[Exercise details] No pictures belong in the copy. Retype exactly, and only, the stretch of lines below from the one with "Eurotech TX-66Y2" through the one with "Palmetto Fort Homes".

[Materials provided]
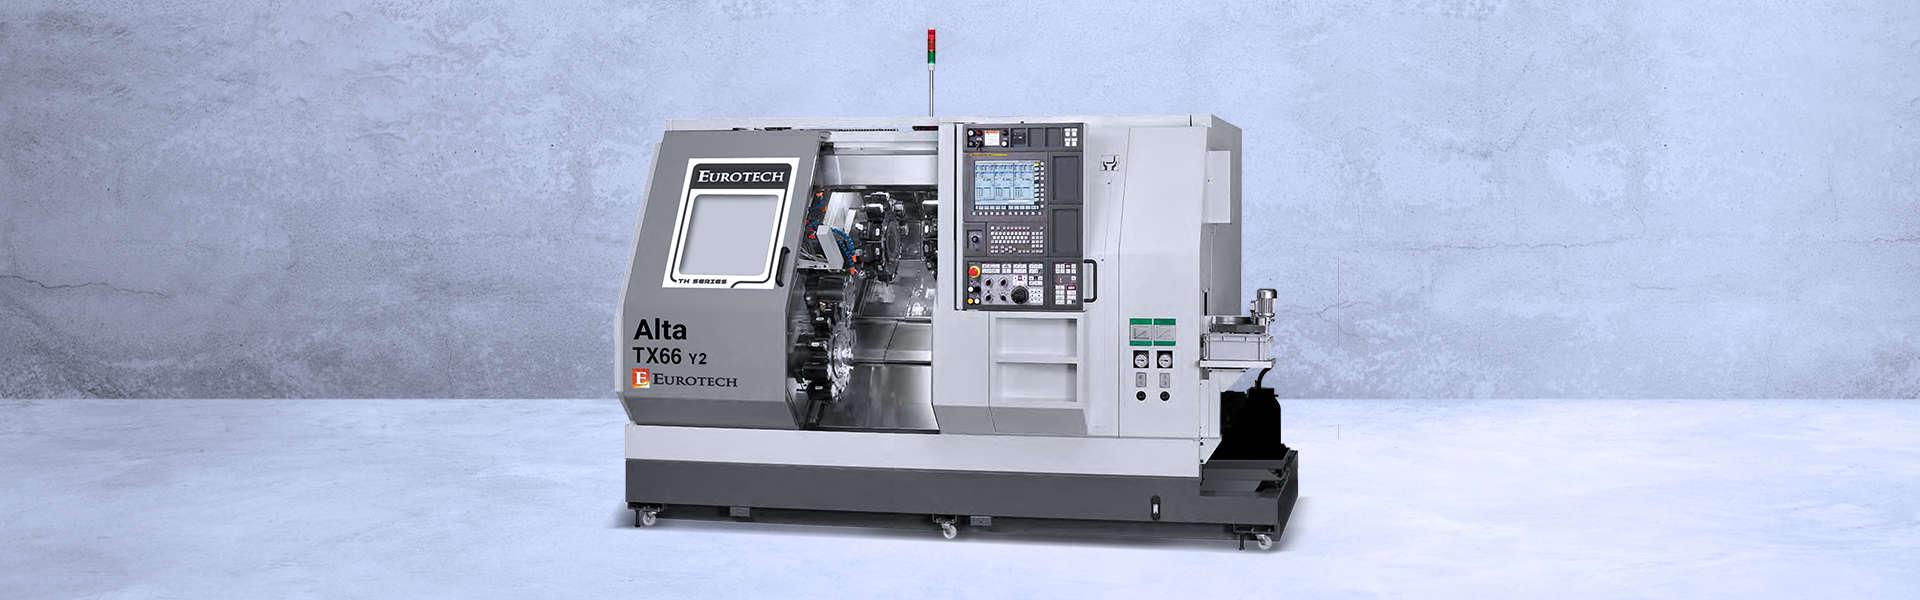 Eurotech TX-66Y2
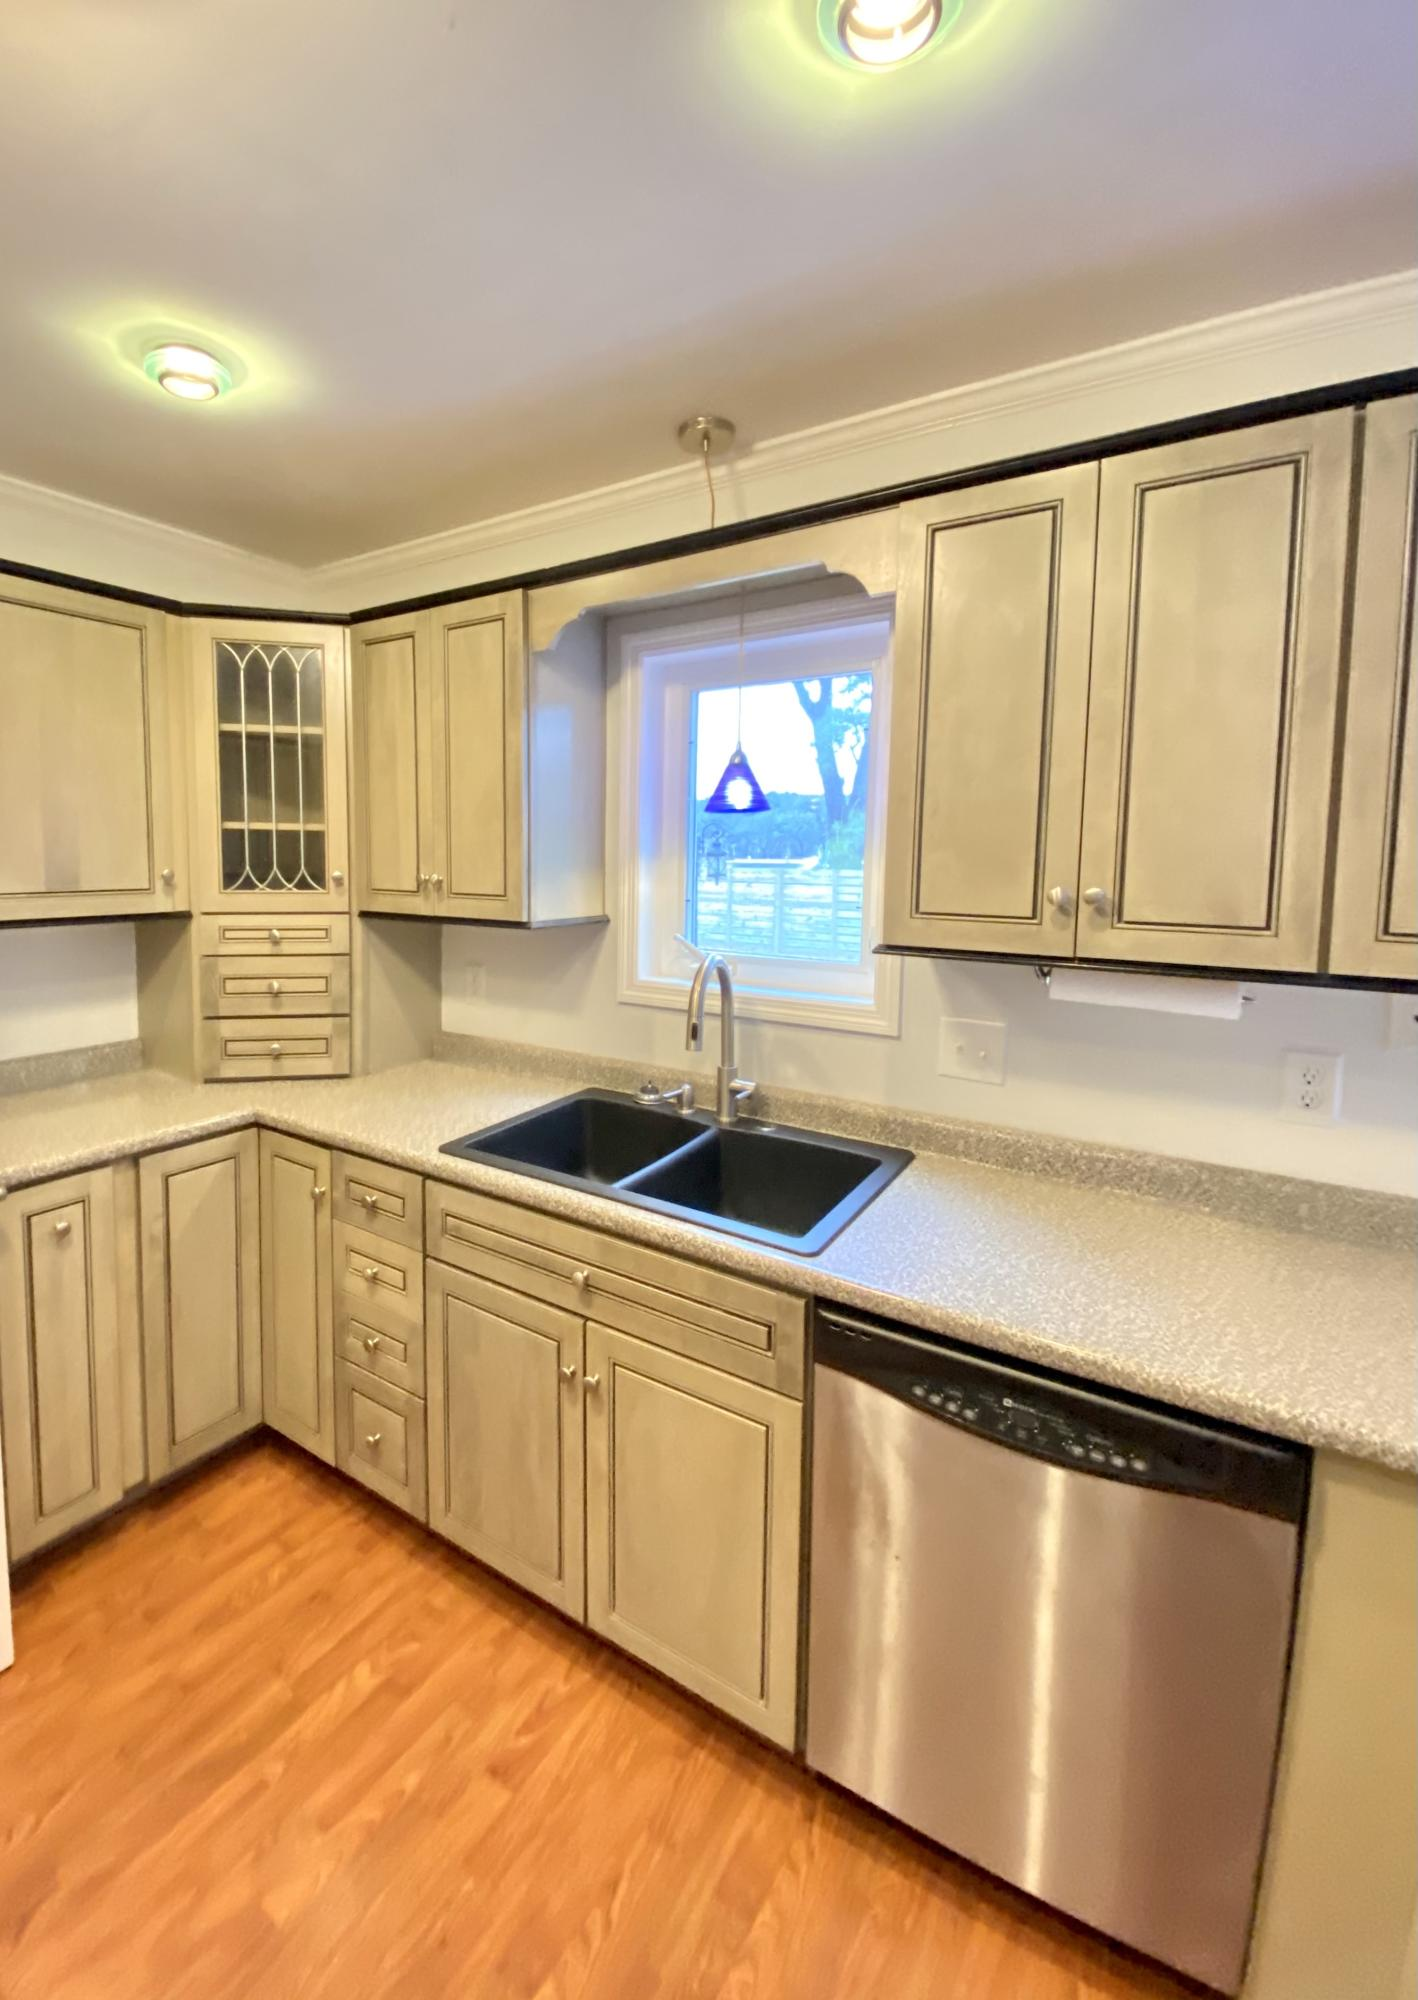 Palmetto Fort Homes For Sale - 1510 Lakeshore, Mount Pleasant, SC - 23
...
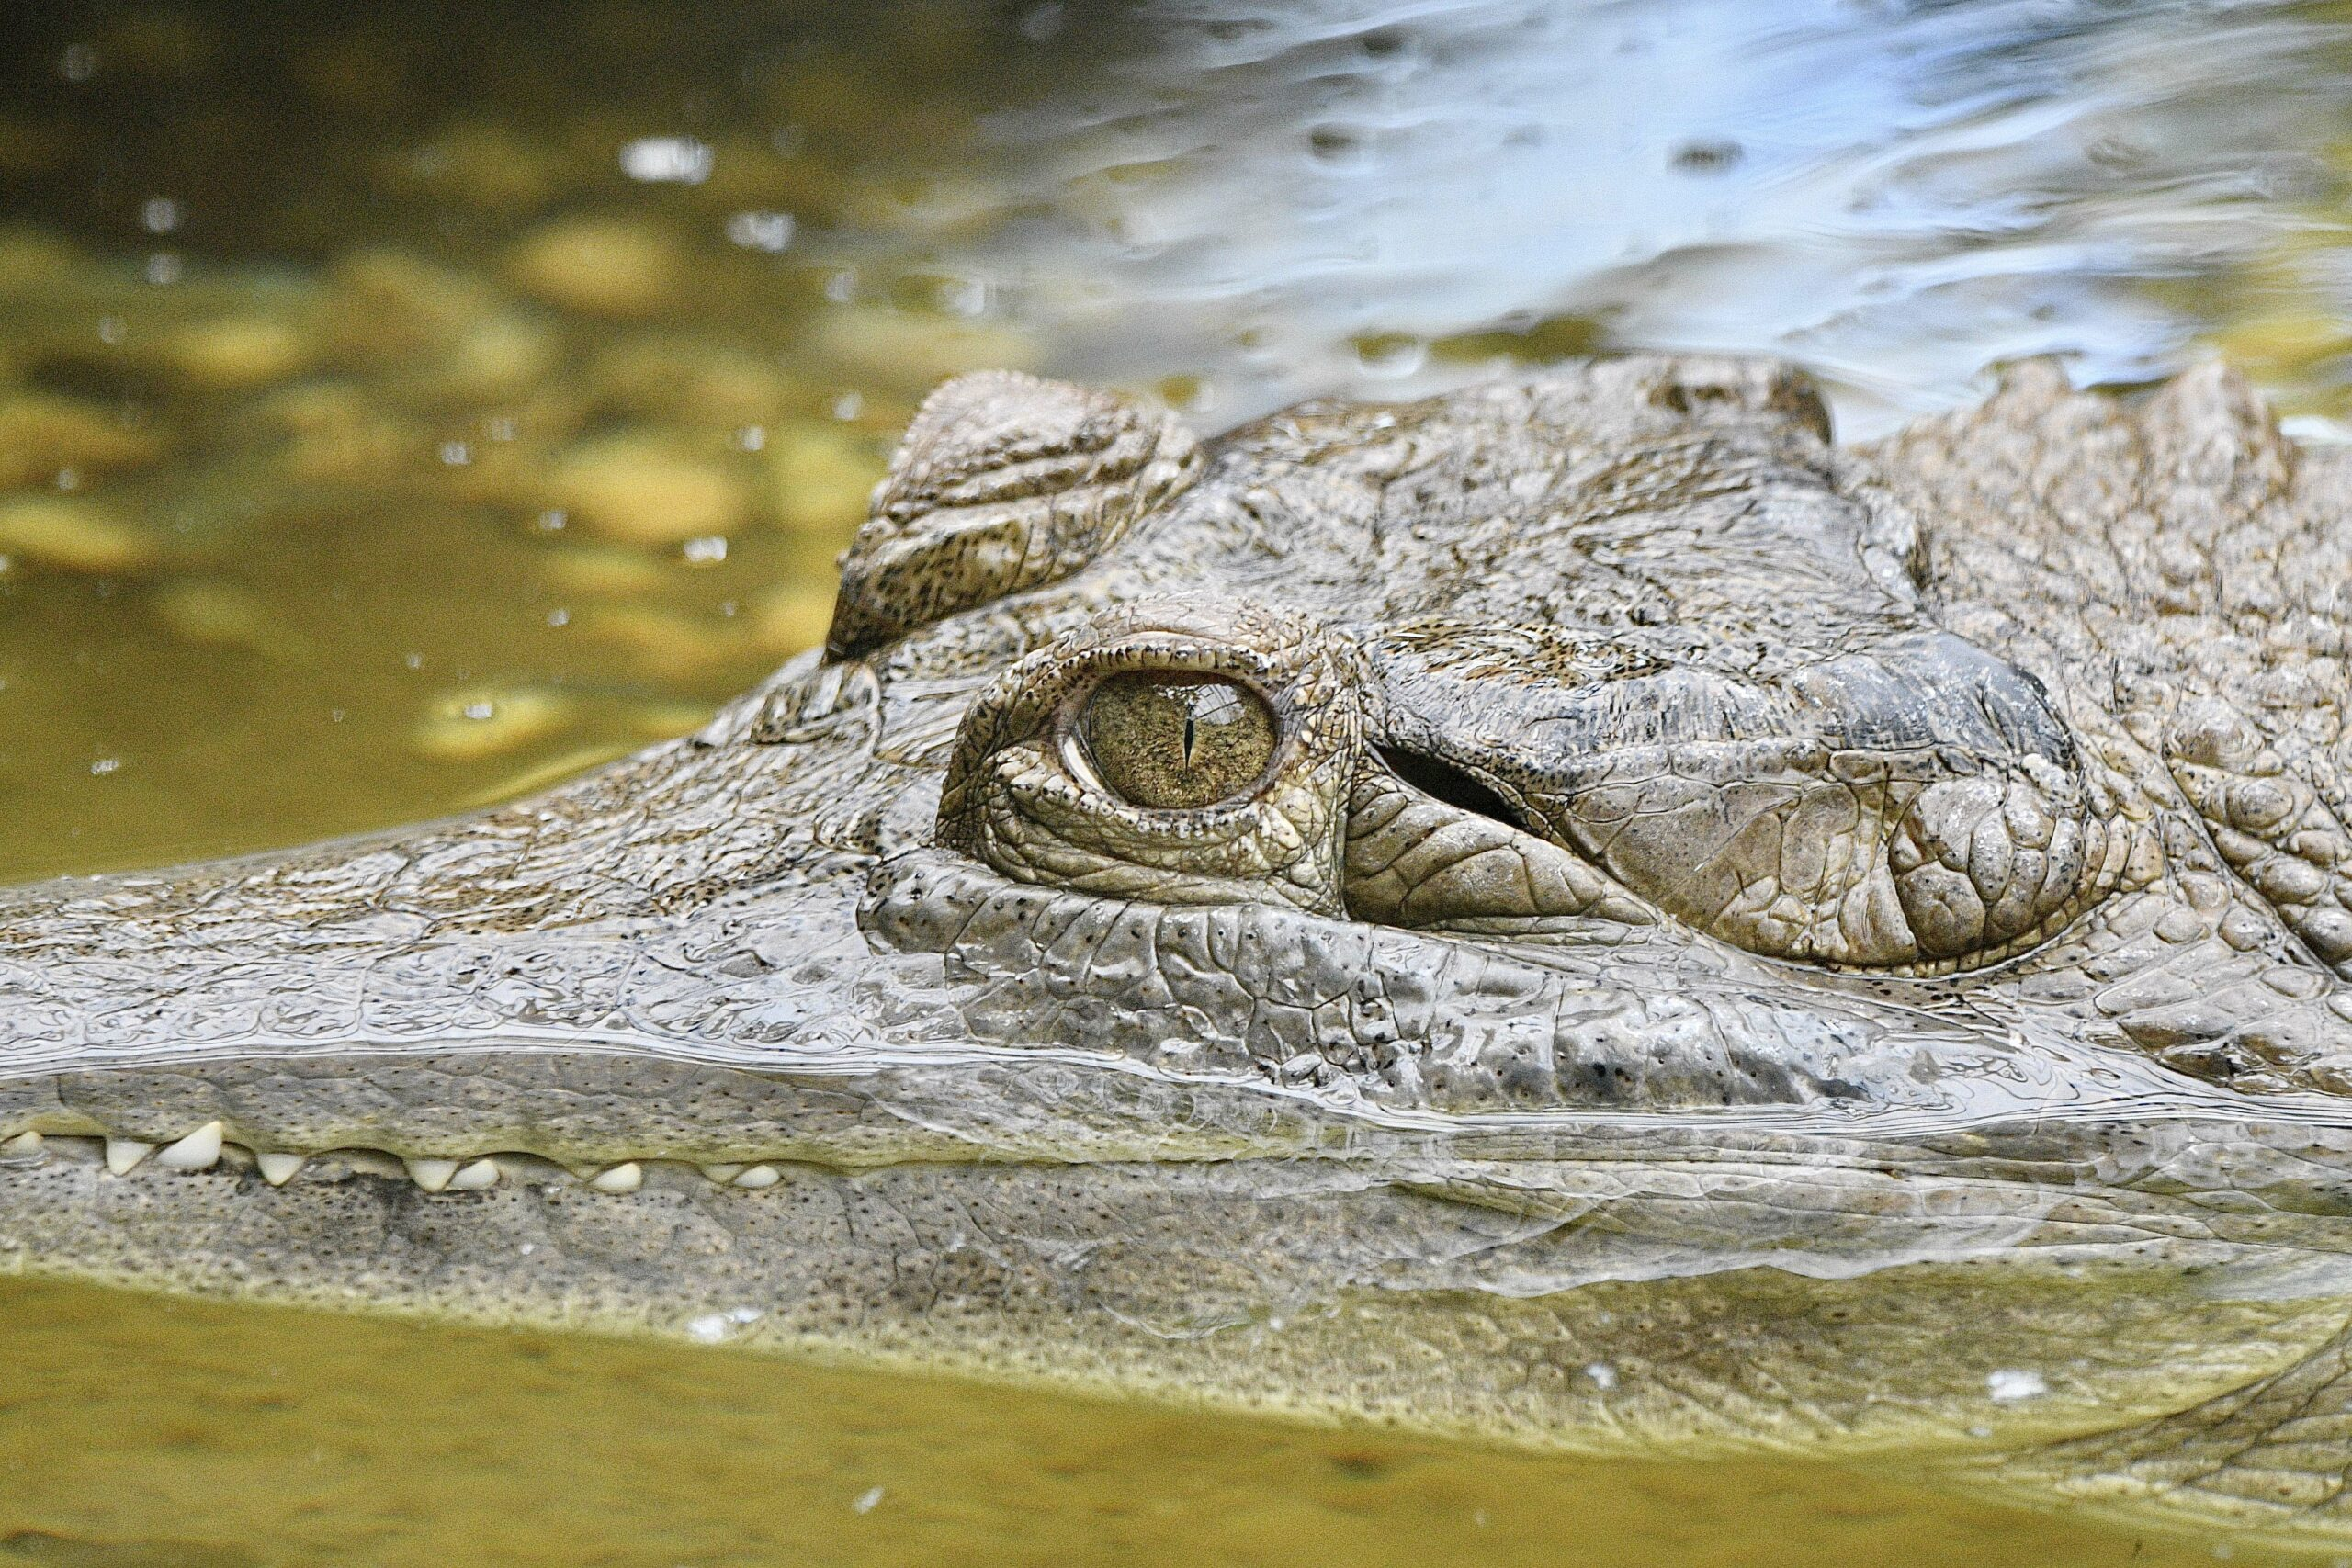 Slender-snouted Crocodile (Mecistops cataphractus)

[Task result]
 Eurotech TX-66Y2
 Palmetto Fort Homes For Sale - 1510 Lakeshore, Mount Pleasant, SC - 23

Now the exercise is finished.